For some reason, the correlation between Series does not work
Consider the following simple example:
import numpy as np
import pandas as pd
import dask.dataframe as dd
df = pd.DataFrame(np.arange(1e6).reshape((-1, 1)), columns=['a'])
ddf = dd.from_pandas(df, chunksize=int(1e3))
ddf.a.corr(ddf.a).compute(scheduler='single-threaded')It produces the following
ValueError: could not broadcast input array from shape (2,2) into shape (2)
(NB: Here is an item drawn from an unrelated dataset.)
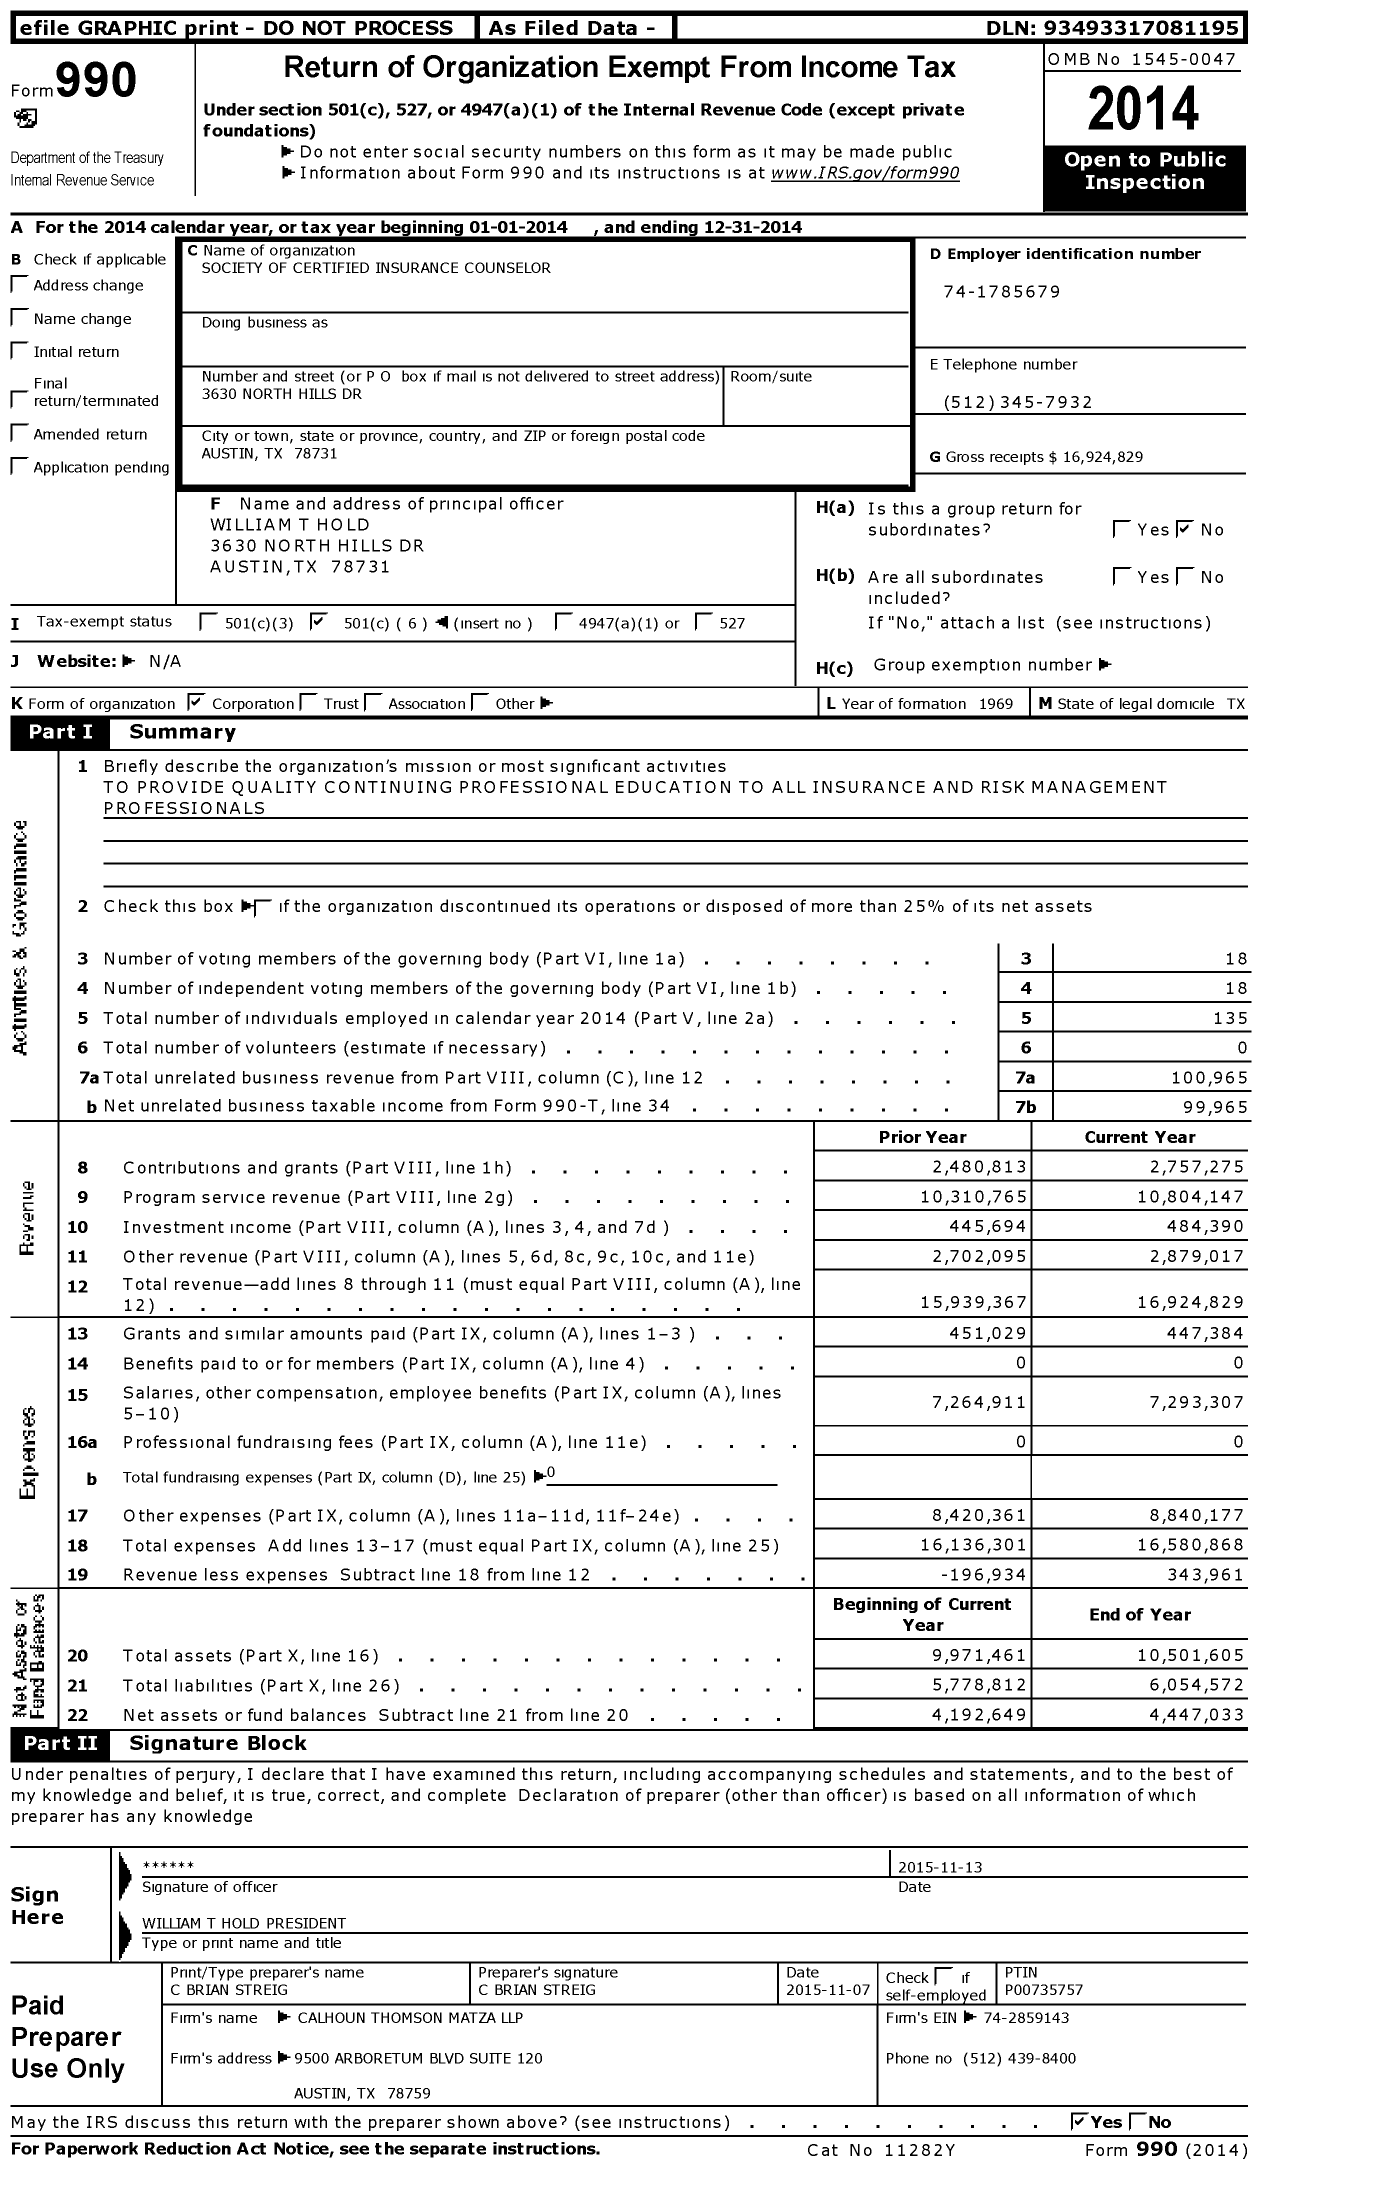 Image of first page of 2014 Form 990O for Society of Certified Insurance Counselor

Traceback (most recent call last):
File "<stdin>", line 1, in <module>
File "/opt/conda/lib/python3.7/site-packages/dask/base.py", line 156, in compute
(result,) = compute(self, traverse=False, **kwargs)
File "/opt/conda/lib/python3.7/site-packages/dask/base.py", line 398, in compute
results = schedule(dsk, keys, **kwargs)
File "/opt/conda/lib/python3.7/site-packages/dask/local.py", line 503, in get_sync
return get_async(apply_sync, 1, dsk, keys, **kwargs)
File "/opt/conda/lib/python3.7/site-packages/dask/local.py", line 449, in get_async
fire_task()
File "/opt/conda/lib/python3.7/site-packages/dask/local.py", line 445, in fire_task
callback=queue.put)
File "/opt/conda/lib/python3.7/site-packages/dask/local.py", line 492, in apply_sync
res = func(*args, **kwds)
File "/opt/conda/lib/python3.7/site-packages/dask/local.py", line 235, in execute_task
result = pack_exception(e, dumps)
File "/opt/conda/lib/python3.7/site-packages/dask/local.py", line 230, in execute_task
result = _execute_task(task, data)
File "/opt/conda/lib/python3.7/site-packages/dask/core.py", line 119, in _execute_task
return func(*args2)
File "/opt/conda/lib/python3.7/site-packages/dask/optimization.py", line 942, in __call__
dict(zip(self.inkeys, args)))
File "/opt/conda/lib/python3.7/site-packages/dask/core.py", line 149, in get
result = _execute_task(task, cache)
File "/opt/conda/lib/python3.7/site-packages/dask/core.py", line 119, in _execute_task
return func(*args2)
File "/opt/conda/lib/python3.7/site-packages/dask/dataframe/core.py", line 4152, in cov_corr_chunk
m[idx] = np.nansum(mu_discrepancy, axis=0)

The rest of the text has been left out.